Os combates tensos e renhidos já tinham durado mais de três horas —como mostrava o enorme telão do Chase Center de São Francisco— quando a plateia lotada de espectadores, que brandiam bastões infláveis e gritavam entusiasticamente, parece ter sentido que a vitória estava próxima.

Uma equipe sul-coreana de e-sports, a DRX, conduziu seus personagens de videogame à base do adversário, a equipe T1, e despedaçou o Nexus, uma pedra preciosa azul, do adversário, conquistando o título mundial de League of Legends deste ano.

Os torcedores celebraram com urros exultantes, fogos de artifício estouraram, os vencedores trocaram abraços e os derrotados derramaram lágrimas sobre seus teclados. Executivos da Riot Games, a produtora de League of Legends, presentearam os integrantes da equipe DRX com anéis de diamantes patrocinados pela Mercedes, para celebrar a chegada dos atletas ao topo da pirâmide dos jogos eletrônicos.

Campeonato de e-sports "League of Legends World Championships", na Califórnia, nos EUA - Kelley L Cox - 5.nov.2022/USA TODAY Sports

O evento foi cuidadosamente coreografado, e era o tipo de espetáculo que as produtoras de videogames prometeram aos investidores em esportes tradicionais quando primeiro tentaram atrair seu dinheiro para esse setor esportivo de rápido crescimento, na metade da década de 2010.

"Lembro-me de ver uma equipe saindo, e fãs alucinados, pedindo autógrafos. Pensei comigo mesmo que aquilo era muito parecido com a nossa experiência", disse Zach Leonsis, filho de Ted Leonsis, dono do Washington Wizards, da NBA, e do Washington Capitals, da NHL. Leonsis filho decidiu investir em uma equipe de esportes eletrônicos em 2016.
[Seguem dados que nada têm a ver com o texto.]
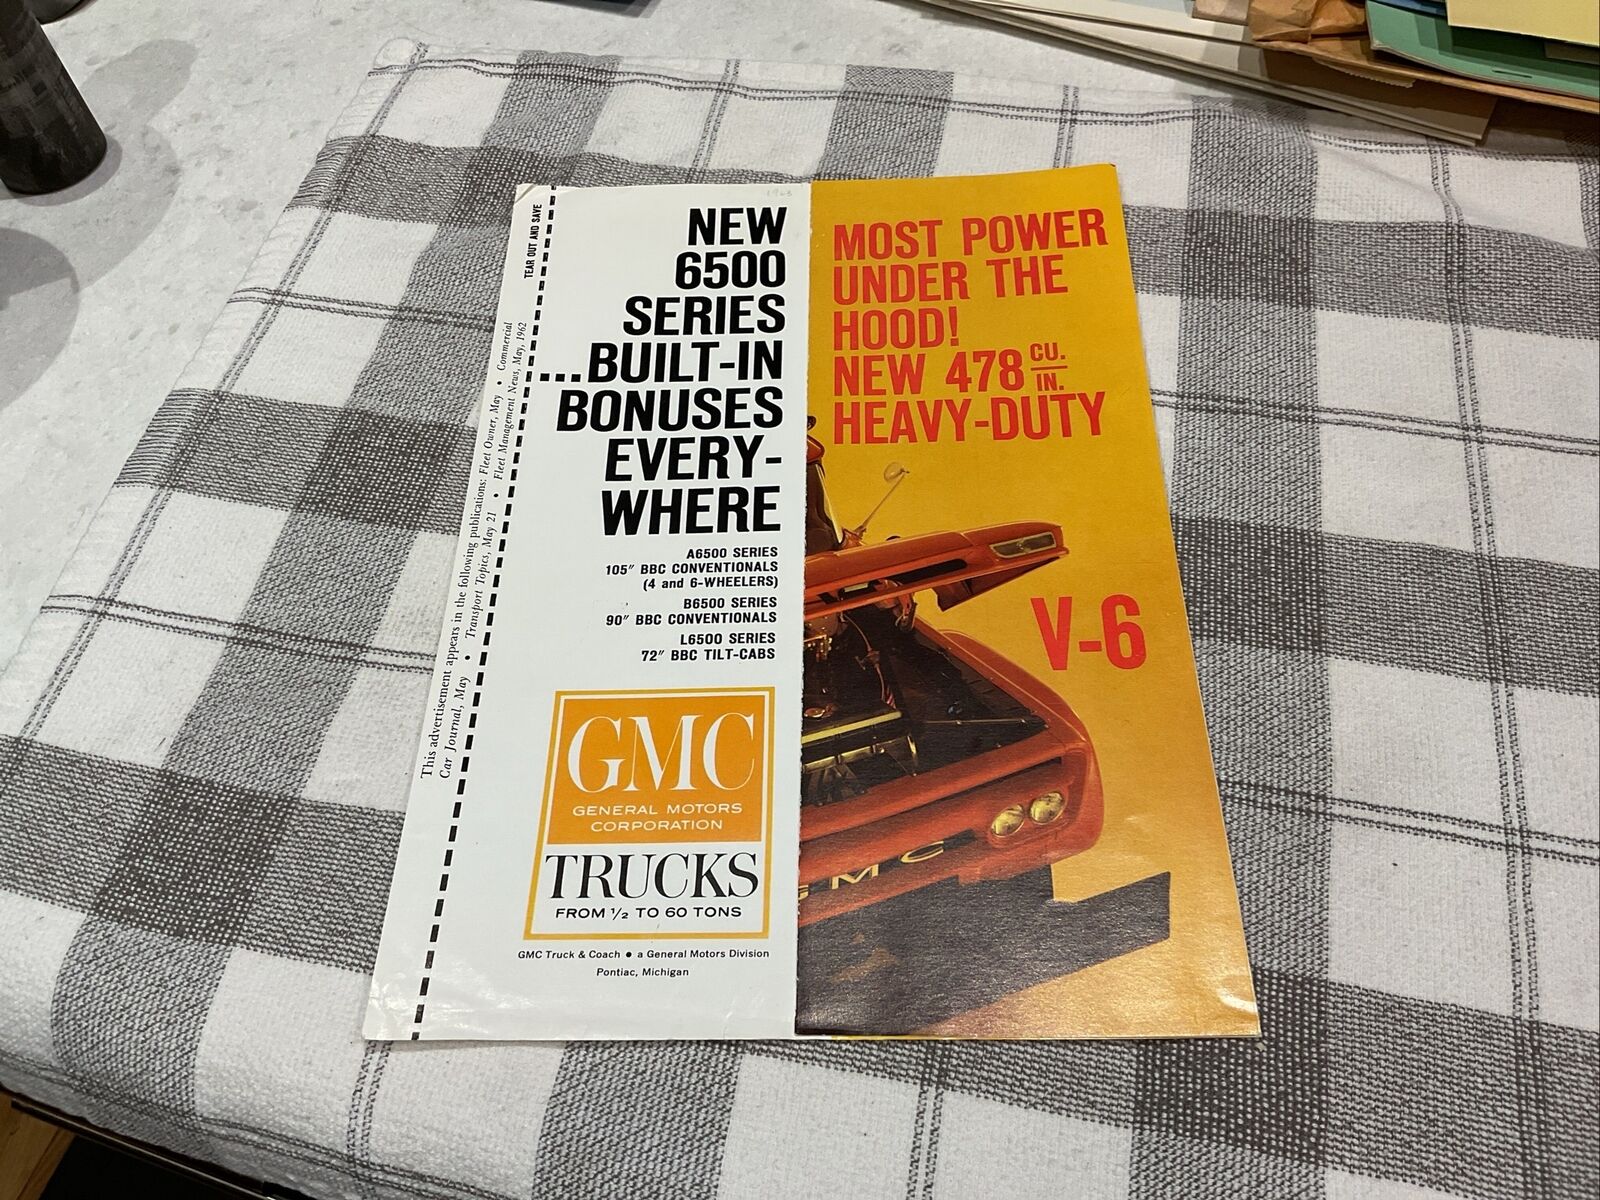 1962 GMC Trucks V-6 Magazine Advertising Insert

Mas apesar do crescimento do setor e de seus atrativos para os consumidores jovens, que os proprietários de equipes de esportes tradicionais estão desesperados por conquistar, não surgiram grandes investimentos. O entusiasmo de alguns proprietários de equipes esportivas tradicionais quanto às perspectivas do setor em curto prazo arrefeceu, depois que eles descobriram que os métodos que geram lucro nos esportes tradicionais —como a construção de torcidas em cidades específicas e a obtenção de contratos lucrativos com redes de televisão— nem sempre se aplicam aos e-sports.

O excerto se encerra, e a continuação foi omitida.